Let's investigate further and see what we can find!
Thank you very much for your comments. I have looked in more detail on those reads that are not well conserved at the 3' end, but they do not align to known reference sequences. The 3' end has also lower phred scores compared to the 5' end, and I assume now, that this is indicating that the Illumina machine produces more errors there.
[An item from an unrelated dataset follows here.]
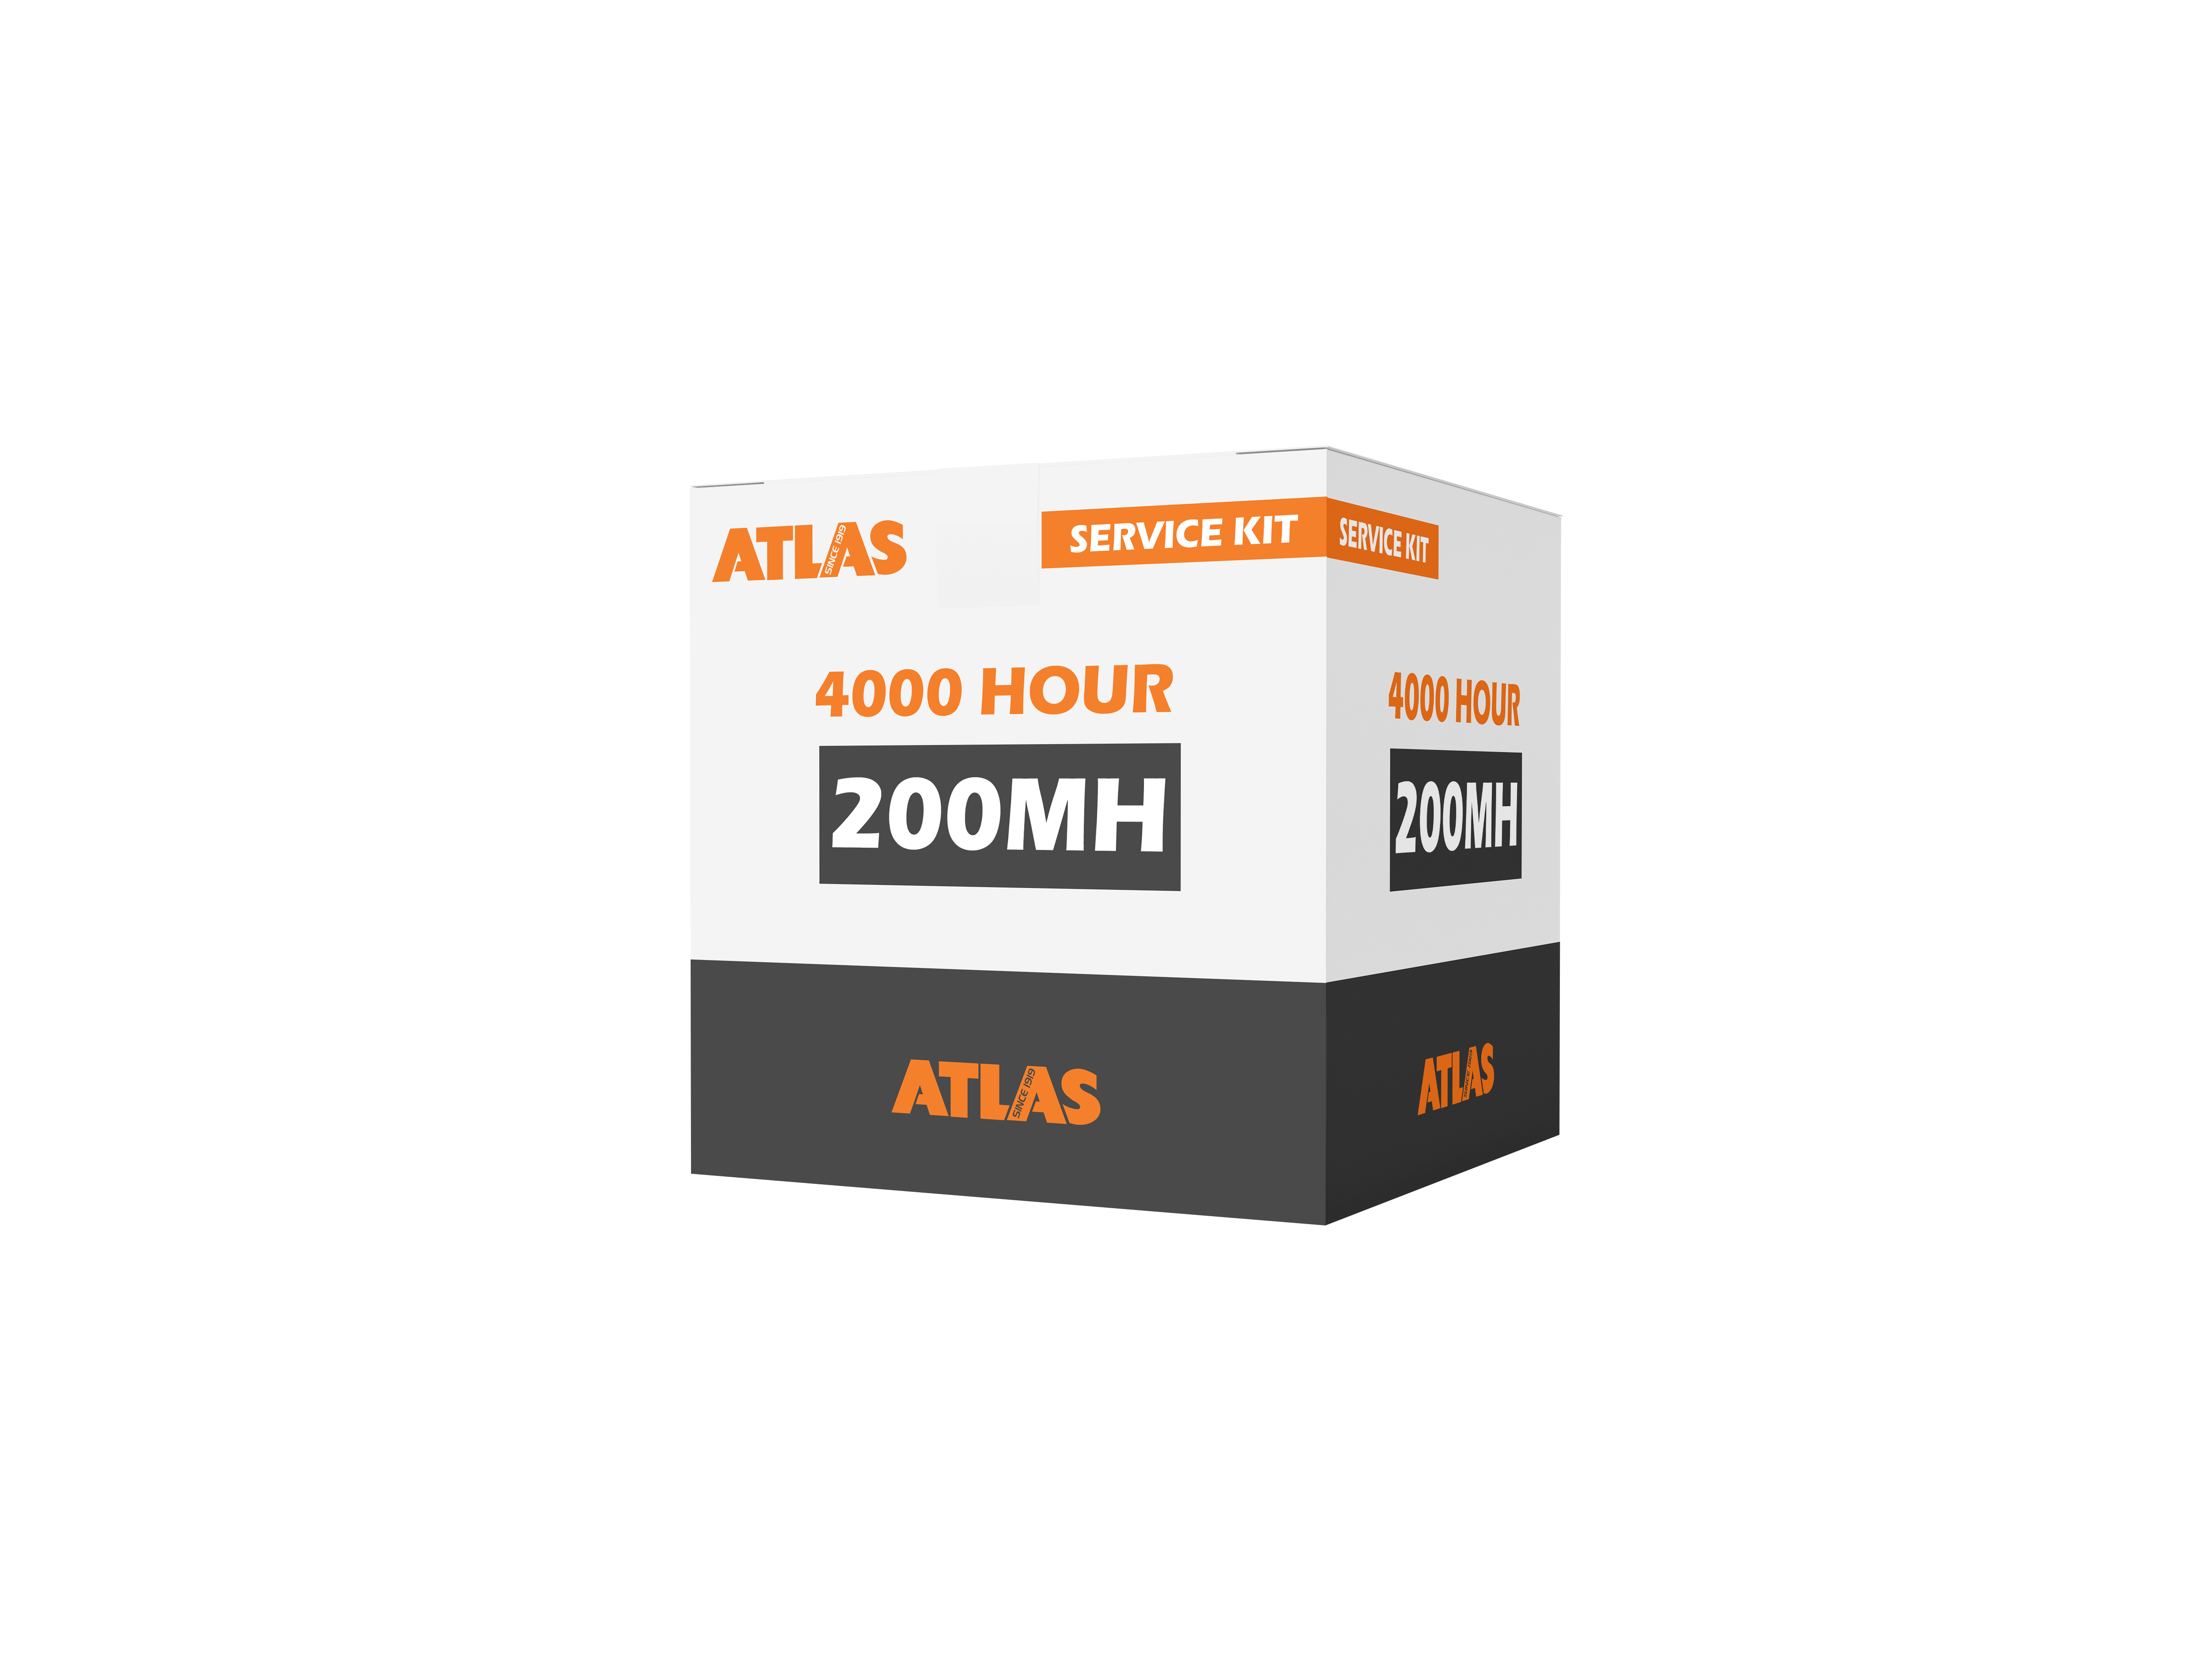 Atlas 200MH 4000 Hour Service Kit

However, when running cutadapt consecutively with (1) searching for the tail (--p-adapter), and (2) then searching for the front (--p-front), most of the reads were trimmed correctly. In detail, 2,900 reads out of 30,000 reads were left with too long ends in the single cutadapt run (targeting front and tail adapter in a single run), while only 29 reads out of 30,000 were longer than expected after the two consecutive runs.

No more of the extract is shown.